JEP-353 - Socket.connect now throws NoRouteToHostException as against ConnectException previously

Alan Bateman Alan.Bateman at oracle.com
Sat Aug 21 16:26:52 UTC 2021


On 21/08/2021 12:40, Jaikiran Pai wrote:
> I was able to reproduce this on a MacOS. However, the continuous 
> integration setup project for Quarkus projects runs these tests 
> against Linux and Windows setups and they have run into this issue at 
> least on the Linux OS jobs (I will need to go and check if Windows 
> jobs had failed too). I can get the specific OS versions if necessary, 
> but I don't think that will be needed (due to the reproducer I explain 
> below).
>
> :
>
> From what I see in the output of this program, the resolution of 
> microprofile.io returns 4 IP addresses. 2 of them are of type IPv4 and 
> 2 are of type IPv6. Across all Java versions, for IPv4 addresses, the 
> connection attempts fail with the same 
> "java.net.SocketTimeoutException: Connect timed out". However, for the 
> IPv6 addresses, in Java 11, the connection attempts fail with 
> "java.net.ConnectException: No route to host (connect failed)" whereas 
> in Java 16, 17 and upstream latest, the connection attempts against 
> the IPv6 addresses fails with "java.net.NoRouteToHostException: No 
> route to host".

Thanks for the additional information, I think I understand the issue now.

If you extend your test to include a connect without a timeout then 
you'll see that old and new implementations throw NoRouteToHostException 
when the underlying error is EHOSTUNREACH "No route to host".

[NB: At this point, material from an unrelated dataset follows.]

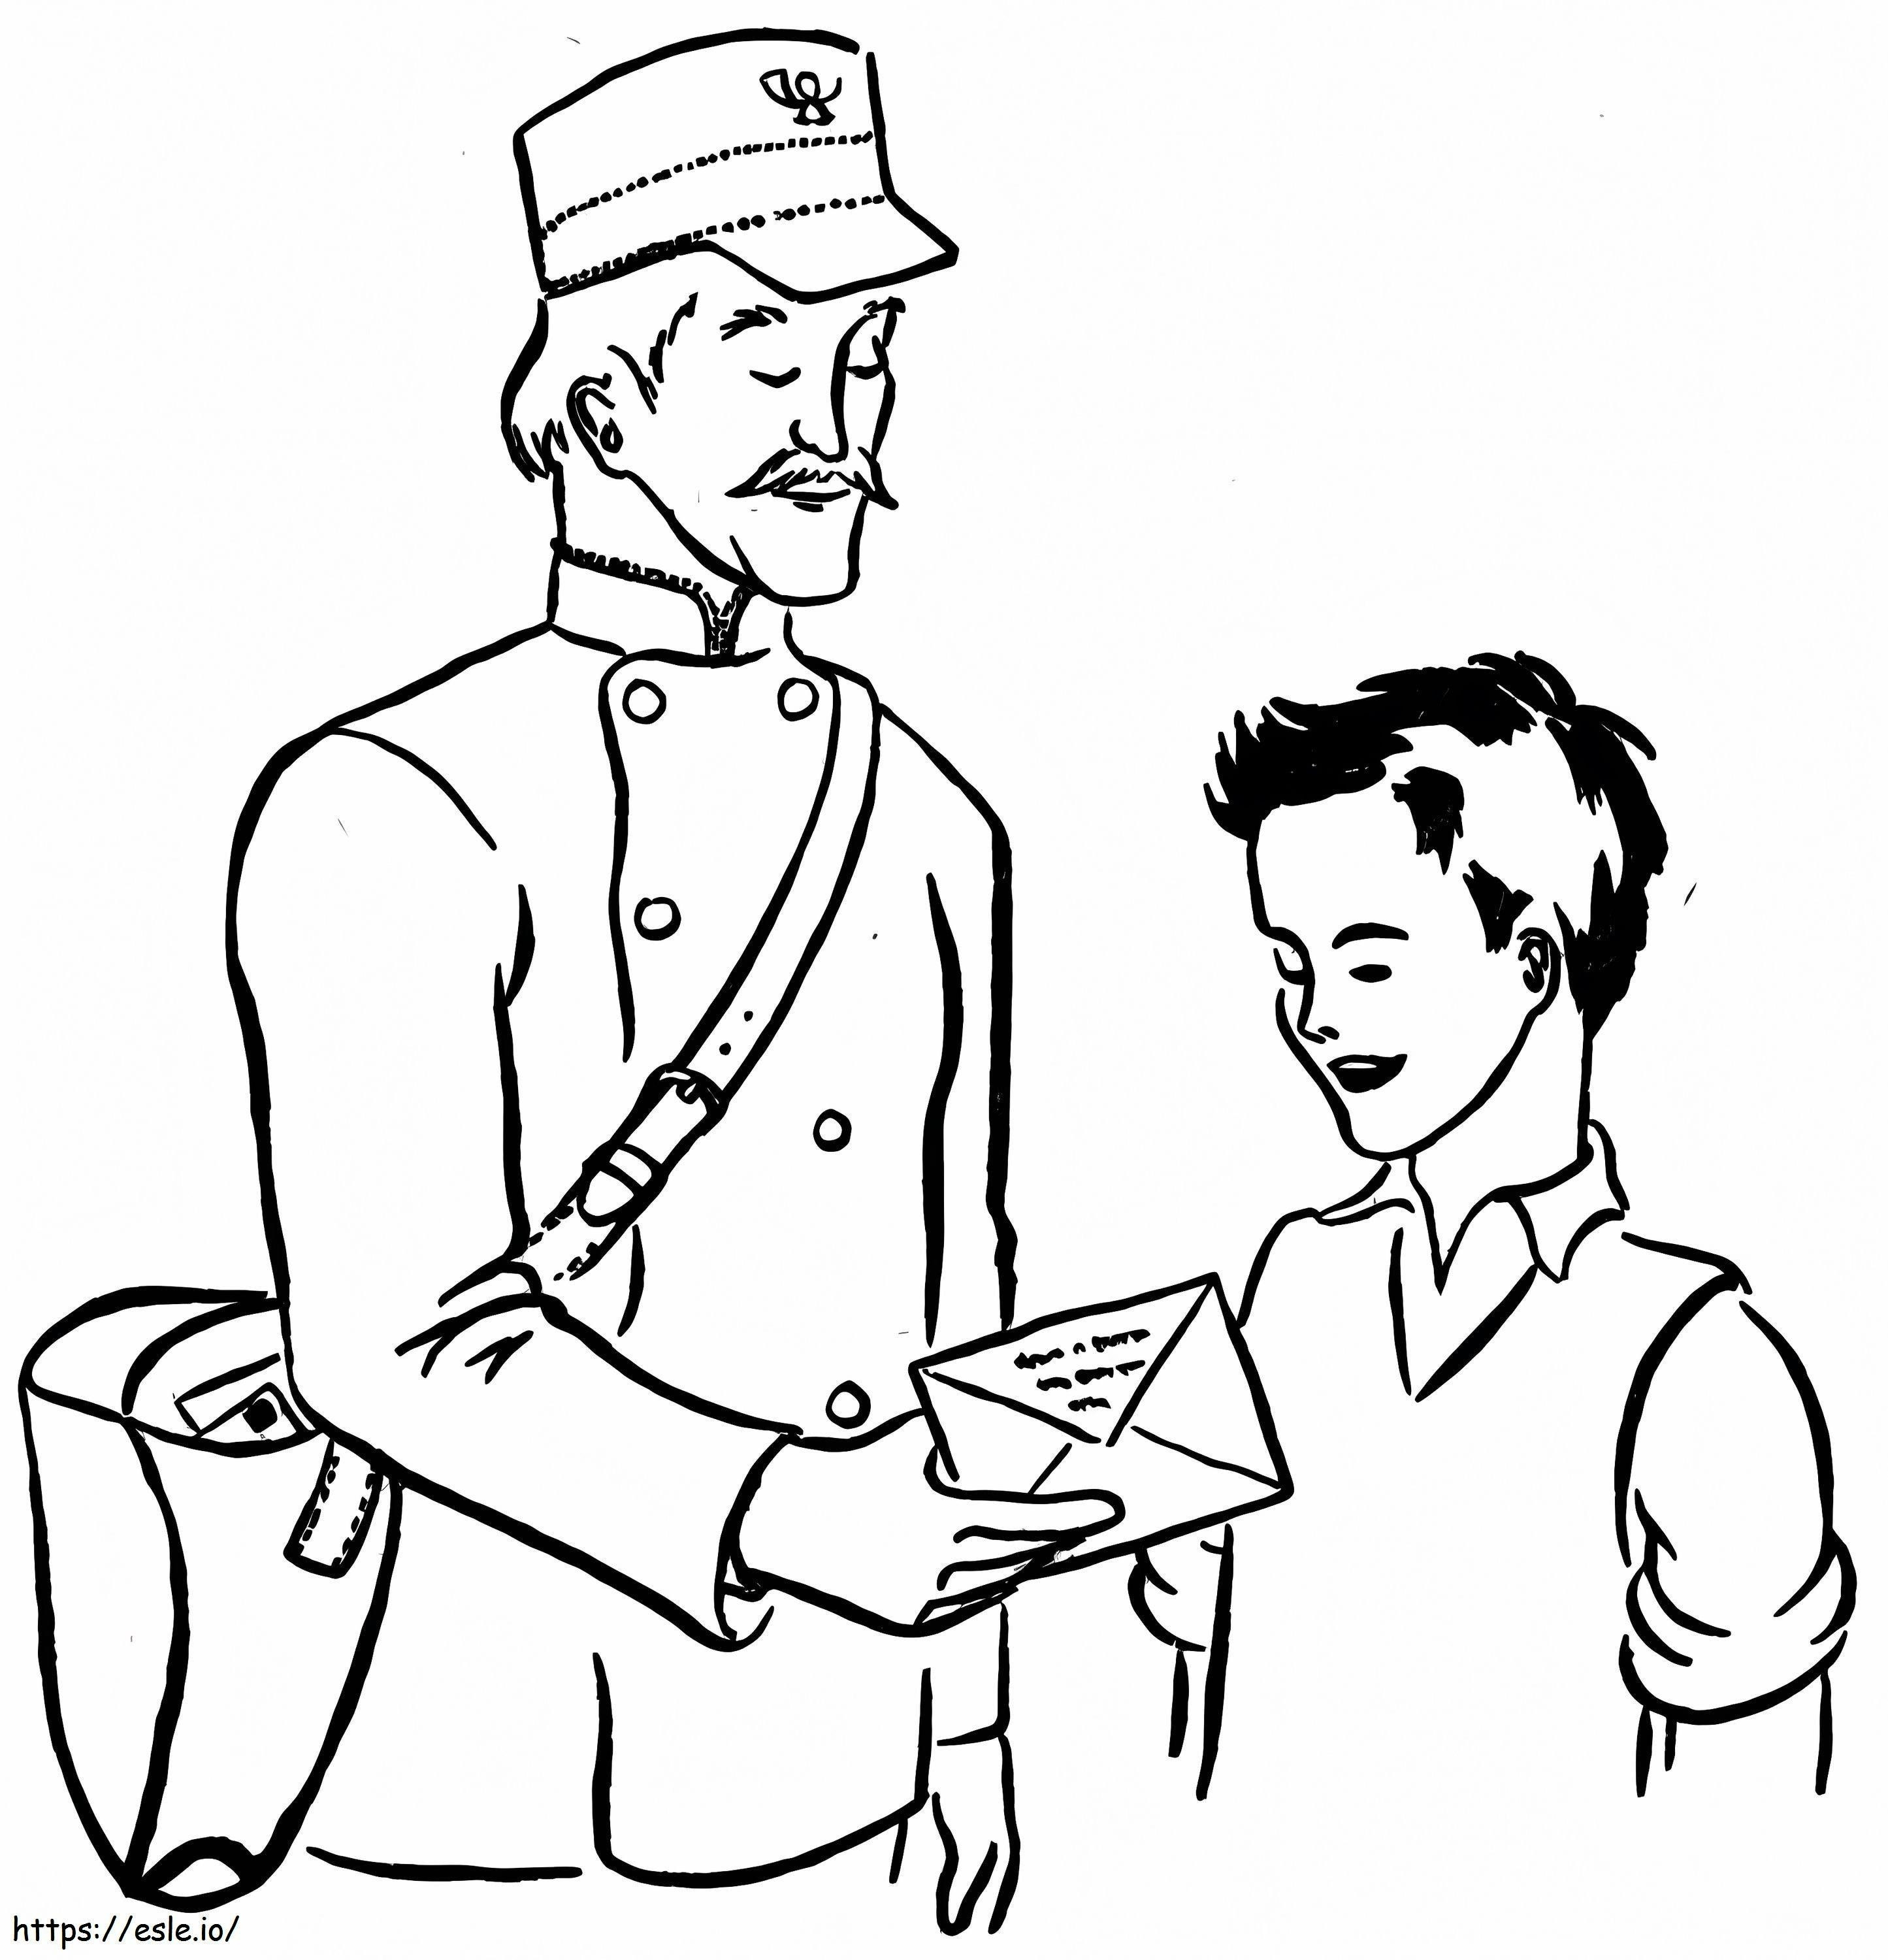 Postman And A Kid coloring page

However, for the connect with timeout case on Linux/macOS/Unix the old 
implementation doesn't correctly handle network errors when they are 
reported immediately. It throws ConnectException for all errors, 
including EHOSTUNREACH "No route to host", whereas it should map the 
error to a specific exception as it does for the untimed case. It's 
possible that this bug has existed for a long time.

So while there is indeed a behavior change between the old and new 
implementation for the timed case where the connect fails immediately, I 
don't think we should attempt to change the new implementation to have 
this buggy behavior.

Do you connections to the Apache HTTP client library and the retry code 
that is looking for specific exceptions? From a distance it seems very 
fragile and depending on very implementation specific behavior. I wonder 
if it has ever been tested on Windows or with an untimed connect.